++++ Dataset content ++++

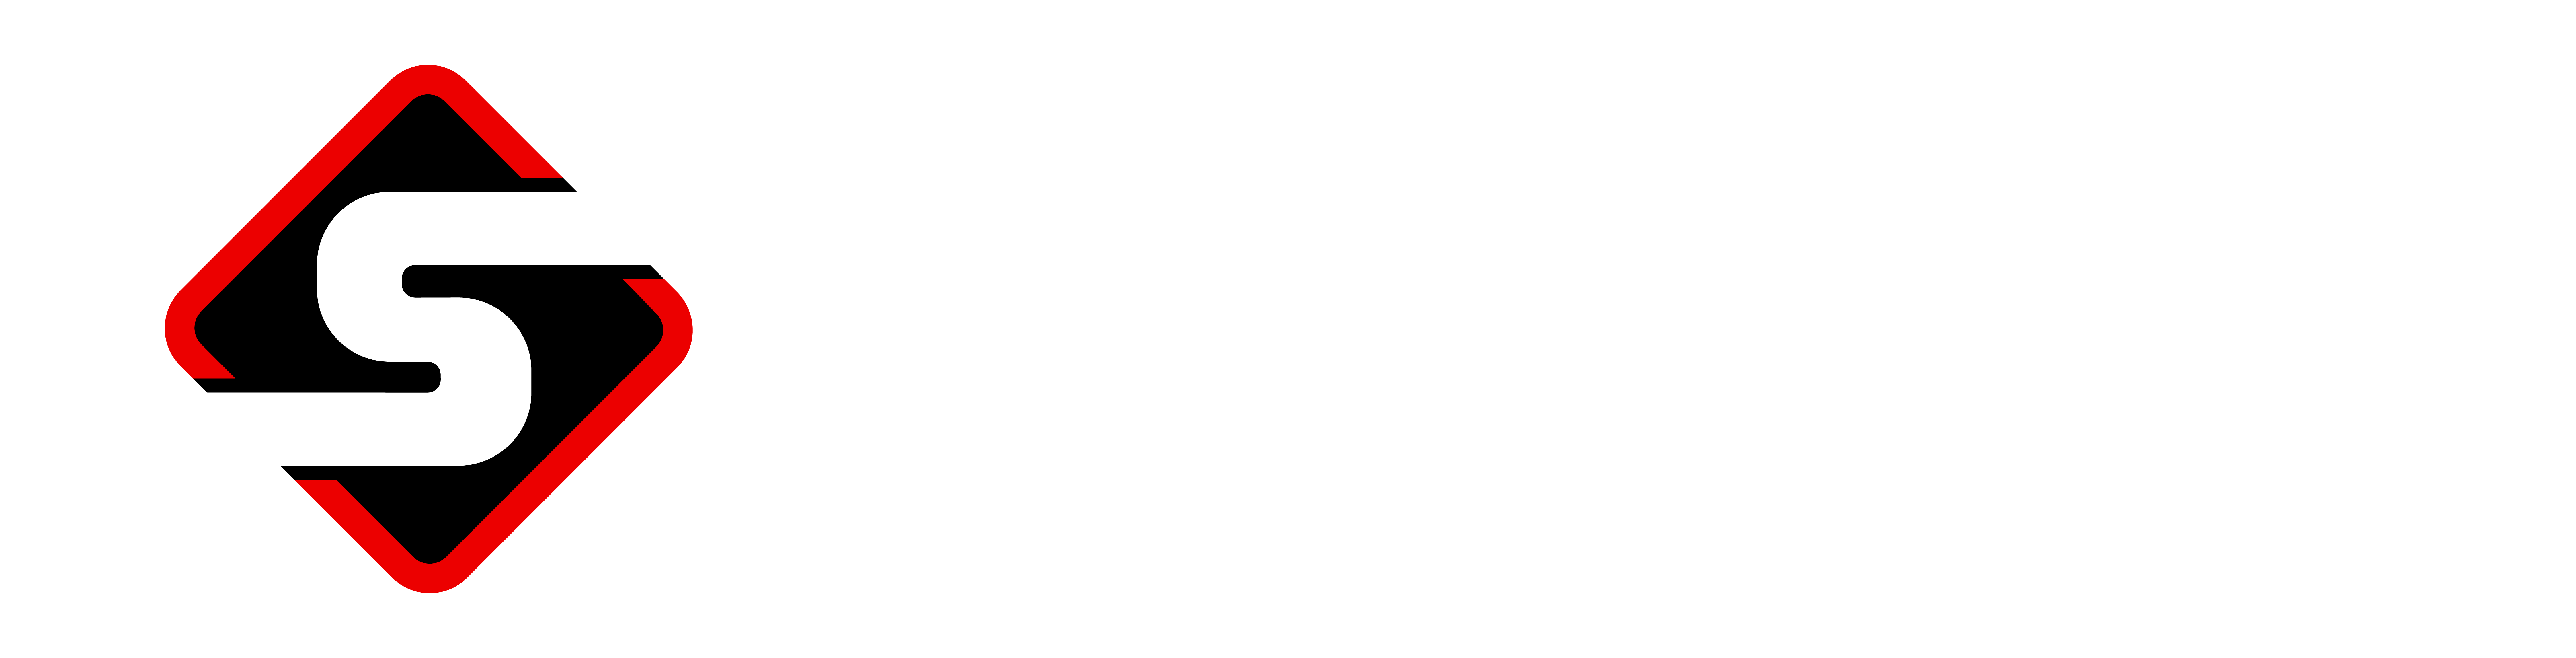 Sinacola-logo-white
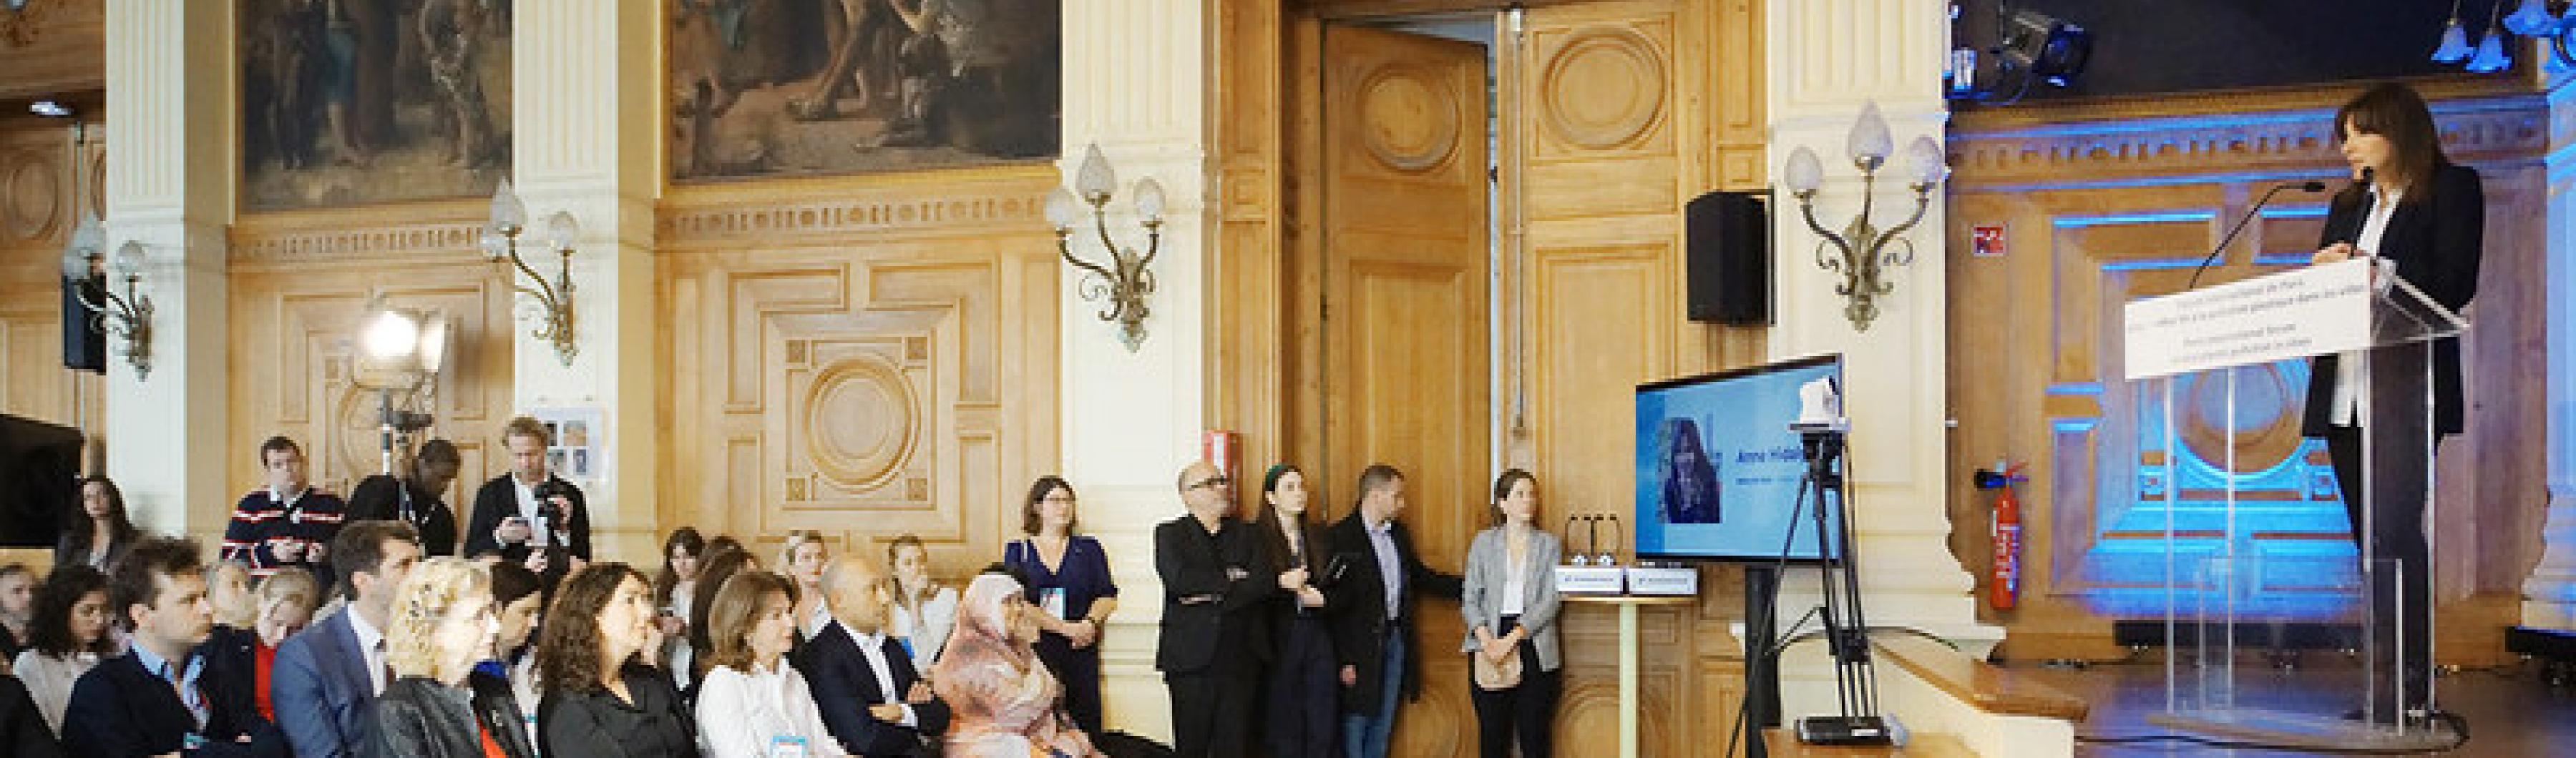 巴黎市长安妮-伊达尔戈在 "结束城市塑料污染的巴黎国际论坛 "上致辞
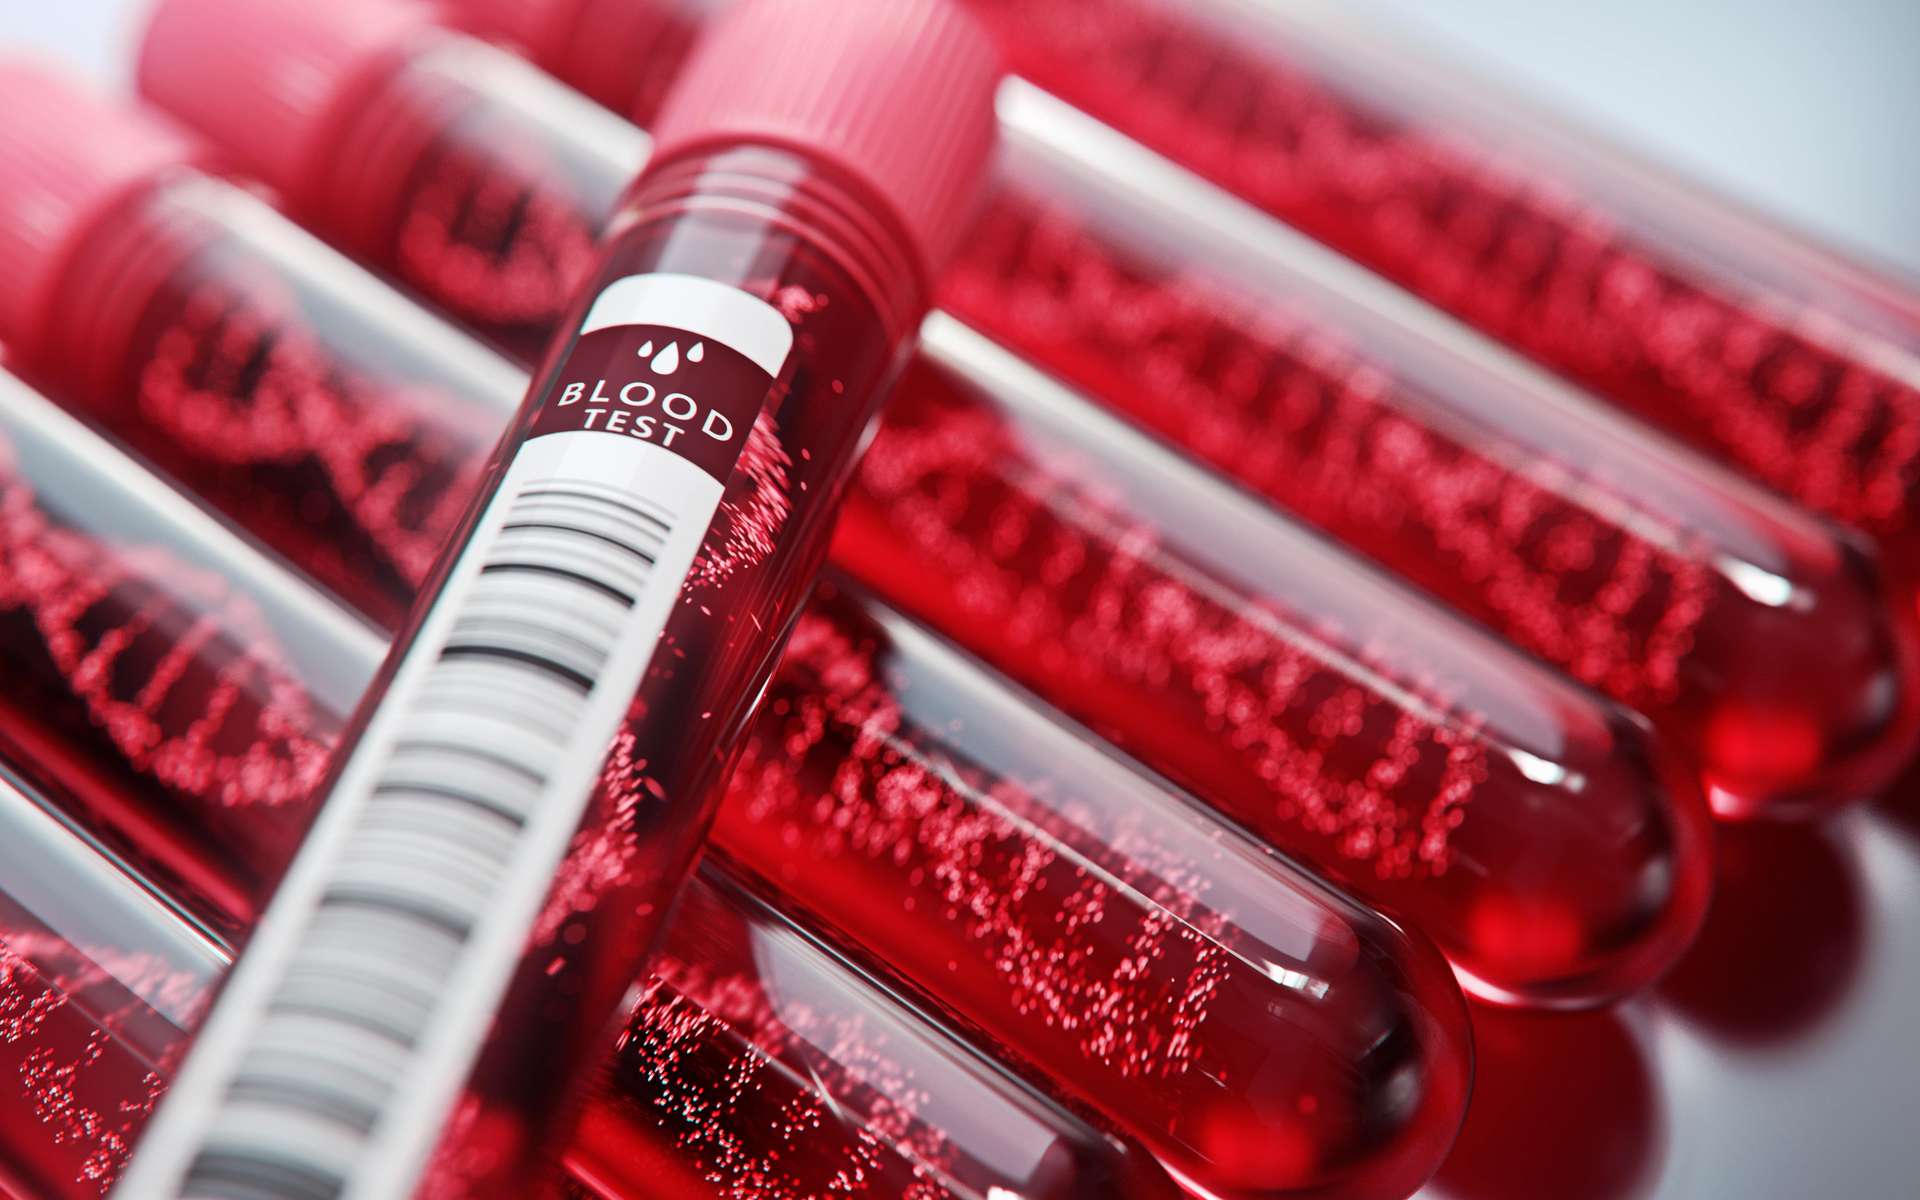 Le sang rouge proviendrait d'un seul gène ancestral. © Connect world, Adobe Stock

++++

Your goal:
None of the pictures should appear, though every line of the data above must be reproduced exactly.

Result of this exercise:
 Sinacola-logo-white
 巴黎市长安妮-伊达尔戈在 "结束城市塑料污染的巴黎国际论坛 "上致辞
 Le sang rouge proviendrait d'un seul gène ancestral. © Connect world, Adobe Stock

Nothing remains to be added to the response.